_ASSIGNMENT:_
The records that follow must be repeated exactly, minus the images.

_MATERIALS PROVIDED:_
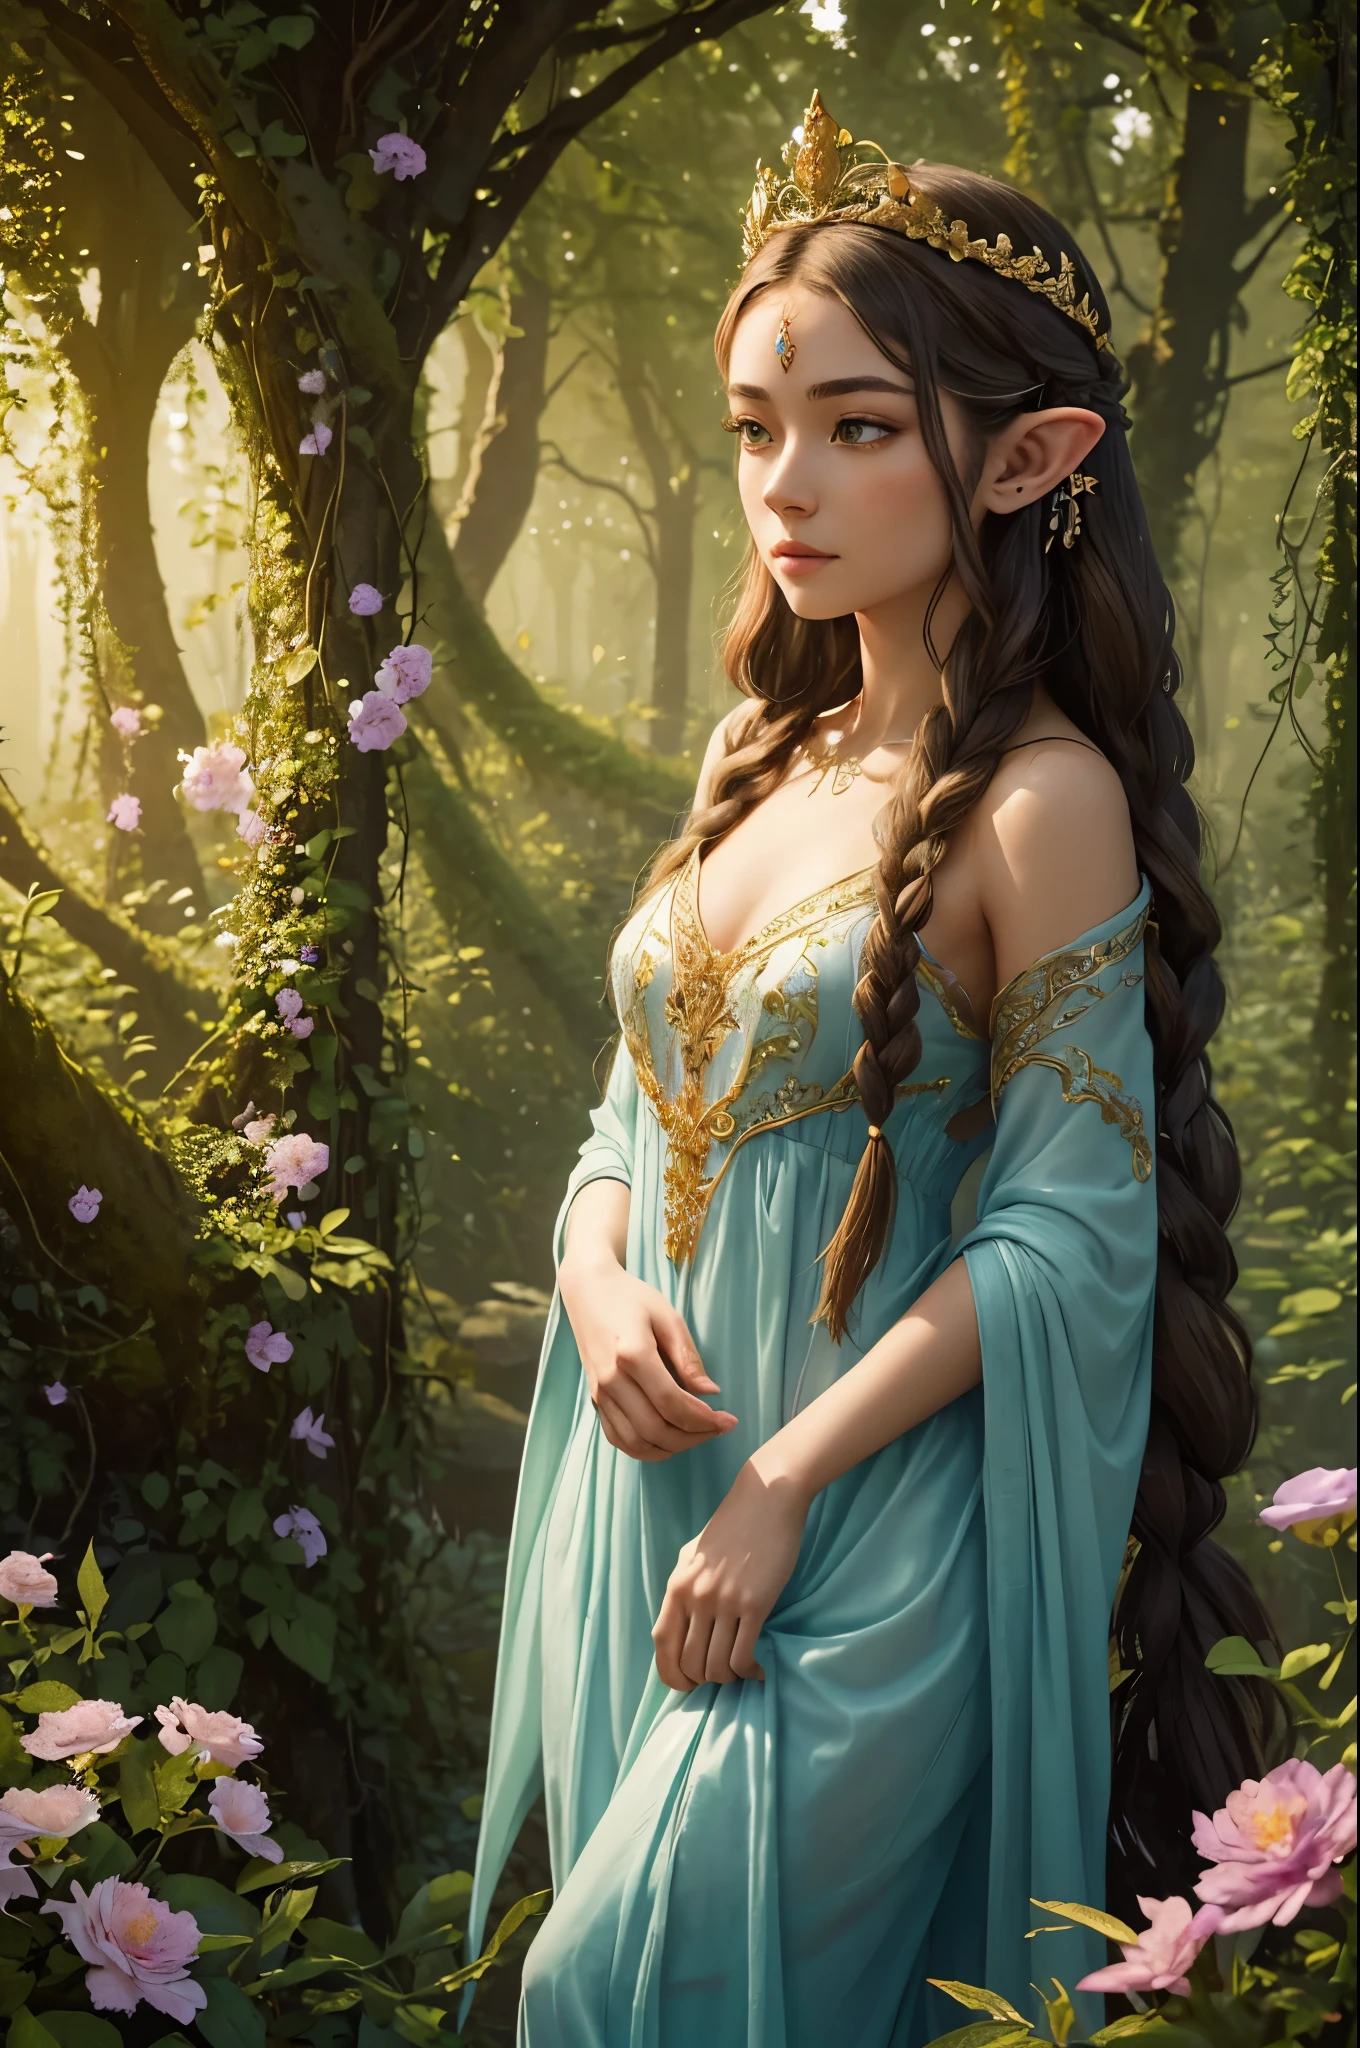 A beautiful girl with pointed ears and elegant features,
soft glowing eyes,
long flowing hair with intricate braids,
delicate facial tattoos that shimmer in the light,
wearing a crown made of vibrant flowers,
dressed in a flowing gown made of ethereal fabric,
standing in a magical forest bathed in golden sunlight,
surrounded by blooming flowers and enchanting creatures,
capturing the essence of a mystical realm,
evoking a sense of tranquility and enchantment,
created with the medium of oil painting,
best quality and ultra-detailed,
realistic and photorealistic,
with vivid colors and sharp focus,
enhanced by the use of studio lighting,
from an elven art book,
with a color palette of earthy tones and soft pastels,
illuminated by the warm glow of the setting sun.
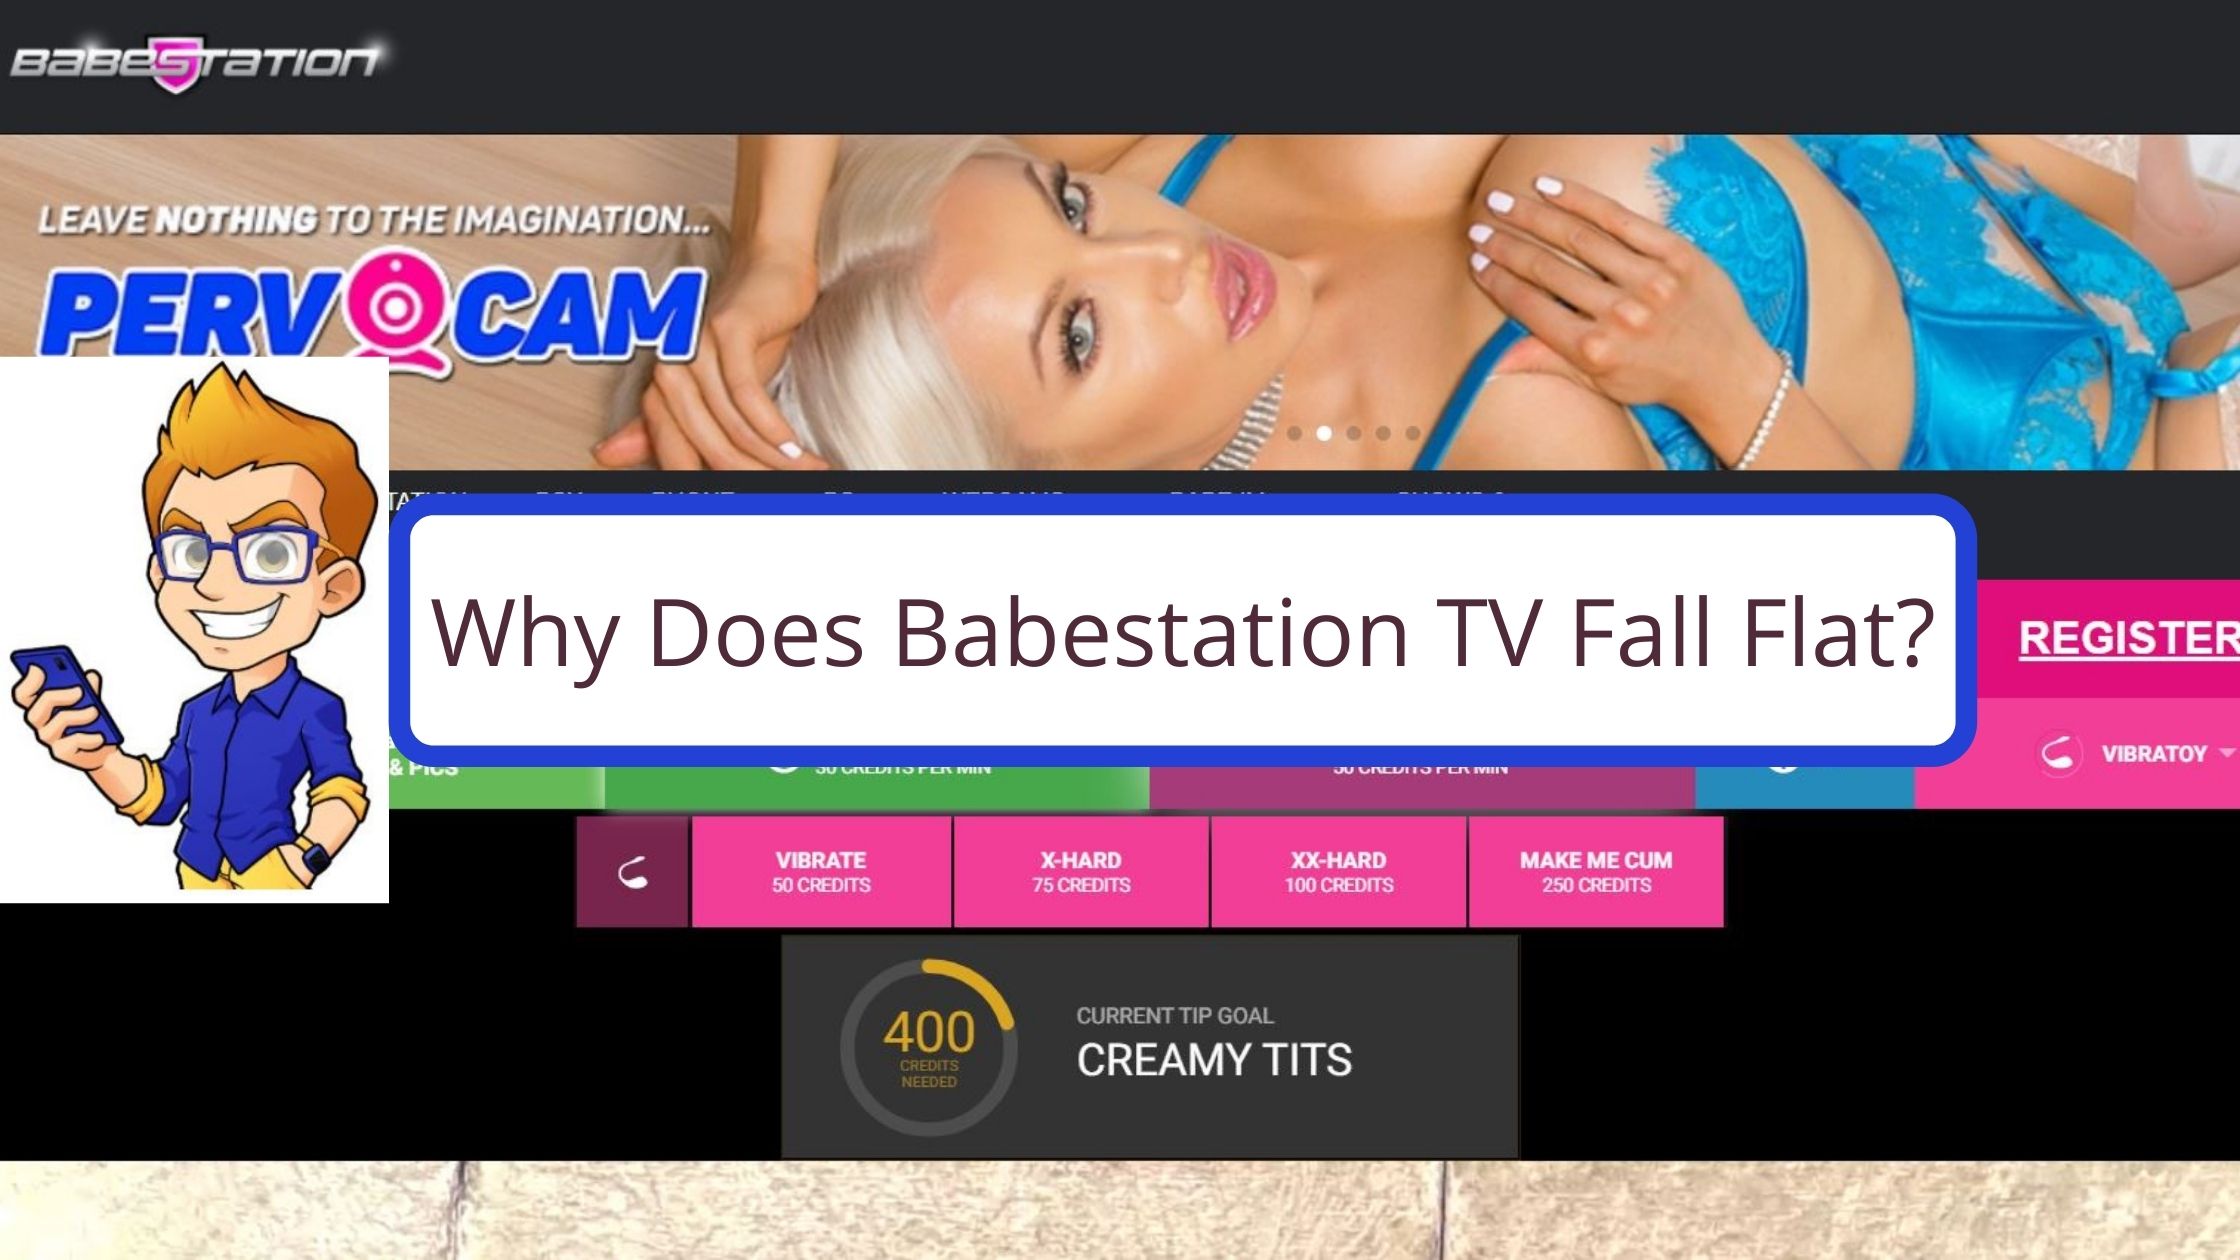 dipto chatterjee recommends Babe Station Tv

_REPLY TO THE EXERCISE:_
 A beautiful girl with pointed ears and elegant features,
soft glowing eyes,
long flowing hair with intricate braids,
delicate facial tattoos that shimmer in the light,
wearing a crown made of vibrant flowers,
dressed in a flowing gown made of ethereal fabric,
standing in a magical forest bathed in golden sunlight,
surrounded by blooming flowers and enchanting creatures,
capturing the essence of a mystical realm,
evoking a sense of tranquility and enchantment,
created with the medium of oil painting,
best quality and ultra-detailed,
realistic and photorealistic,
with vivid colors and sharp focus,
enhanced by the use of studio lighting,
from an elven art book,
with a color palette of earthy tones and soft pastels,
illuminated by the warm glow of the setting sun.
 dipto chatterjee recommends Babe Station Tv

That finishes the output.